In 1876 Dr. Liedbeck sent the History of Homoeopathy in Sweden to the World’s Convention, held in Philadelphia. It was published in the Transactions, vol. 2. The Bibliography of Swedish Homoeopathy is also that of the writings of Liedbeck.

In this Dr. Liedbeck says: “There is no special law affecting Homeopathy or its practitioners in Sweden. I have the privilege of dispensing my own medicines, and, like every other properly qualified Swedish physician, the right to import drugs for my own practice, after having first given due notice to the Royal College of Health.

“As to my own practice, I would only briefly mention that, having first filled several official medical appointments, I obtained the post of Professeur Agrégé (Prosector Anatomiae) at the University of Upsala in 1831. This made me in some measure independent of the uncertainty of practice, giving me at the same time liberty to practice Homeopathy.

“As I had on several occasions officiated instead of the professor of anatomy in giving lectures, holding examinations, etc., I had a fair prospect at his retirement of succeeding to the chair of anatomy. My medical heterodoxy was, however, too well known not to influence to my prejudice in the appointment of a successor, and I therefore removed, in 1846, to Stockholm, where I have since continued as a private practitioner of Homeopathy.

“Though, as I have said before, neither the success of my practice nor my publications seem to have had any influence on the medical profession at large in making converts among them, yet Homeopathy has not a few patrons and followers in all classes of society, and several of the clergy have in this country as elsewhere been warm advocates, and even practitioners, of the system.

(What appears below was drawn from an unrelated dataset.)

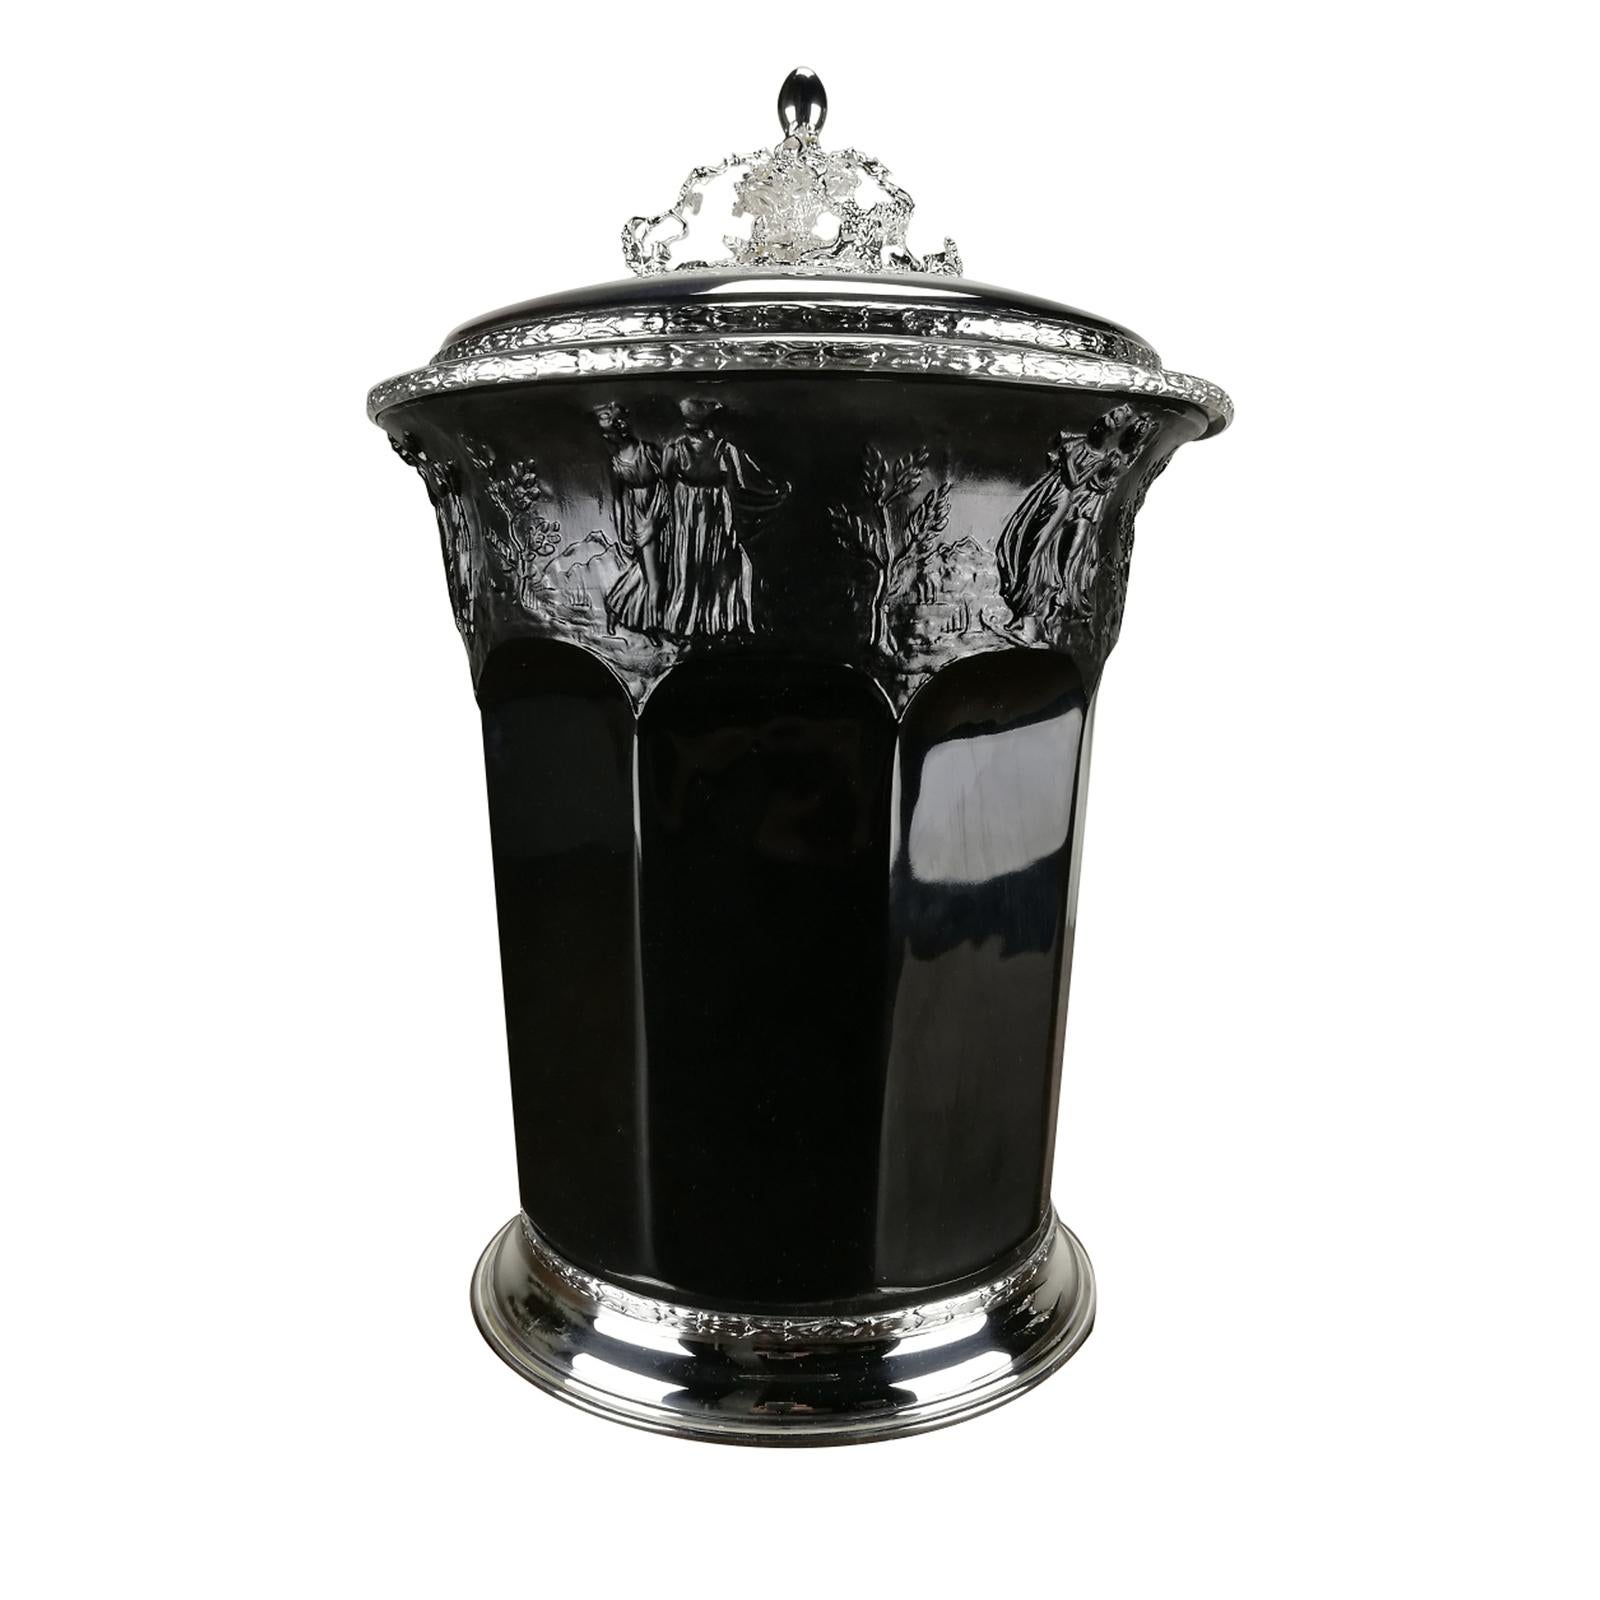 This magnificent piece is an ice bucket that can also be used as a container to chill a champagne bottle. Its silhouette is elegant and classic, adorned with a charming bas-relief and its body is made of biscuit porcelain (which means that the

“As to the question of dose, it will be seen from sundry articles emanating from my pen from time to time that I belong rather to those who follow Samuel Hahnemann in his early practice than in his old age, when he advocated almost exclusively the higher attenuations.

“Not to make this letter too long, I must also refer you to the homeopathic literature as regards the homeoplastic treatment I have introduced as a supplement to our Homeopathy.”

The Zeitung thus announces his death: At the end of October of this year (1876) died Dr. Liedbeck, in Stockholm, who had practiced Homeopathy there successfully for 30 years.

He was 75 years of age, and died of marasmus. He communicated to us last year several cures of hygroma patellae with Flor. arnic. sicc. placed upon the kneepan in little sacks.

His own cure from fatty degeneration of the heart by means of Arnica, as given in my Therapy (I, 345), was by Dr. Argenti erroneously ascribed to the deceased: it was communicated in epistolary form in vol. 92, No. 2 p. 88.

(Brit. Jour. Hom., vol. 13, p. 694 ; vol. 35, p. 90, vol. 39, p. 255. Mon. Hom. Rev., vol. 20, p. 720. Hom. World, vol. 2, p. 572. World’s Con., vol. 2, p. 340. Bibl. Hom., vol, 9, p. 89. Allg. Hom. Zeit., vol. 93, p. 184)

Peter Jacob Leidbeck wrote On the influence of Alcohol on Man 1831, On Homeopathic Medicine and Its Literature 1832, Hahnemann’s ’__Organon__Translated 1835, __Is There a Remedy for Consumption? 1841, De Cerebello Humano 1845, De Veneficio Phosphoreo Acuto 1846, A Short Account of the Present State and Development of Homeopathy in Foreign Countries 1846, Directions for the use of Some Homeopathic Medicine in Cholera 1848, How to Cure Frostbites and Burns 1850, Homeopathic Information for the Swedish People (a monthly periodical) 1855-56, On the Different Schools of Medicine at the Present Time, and Their Principal Distinctions 1862, On the Spirit of Camphor Alone as a Remedy for Cholera 1866, De Pipere cubeba dissertatio, Horti upsaliensis plantae cultae ab initio saeculi, and many cases and articles published in various homeopathic journals and publications.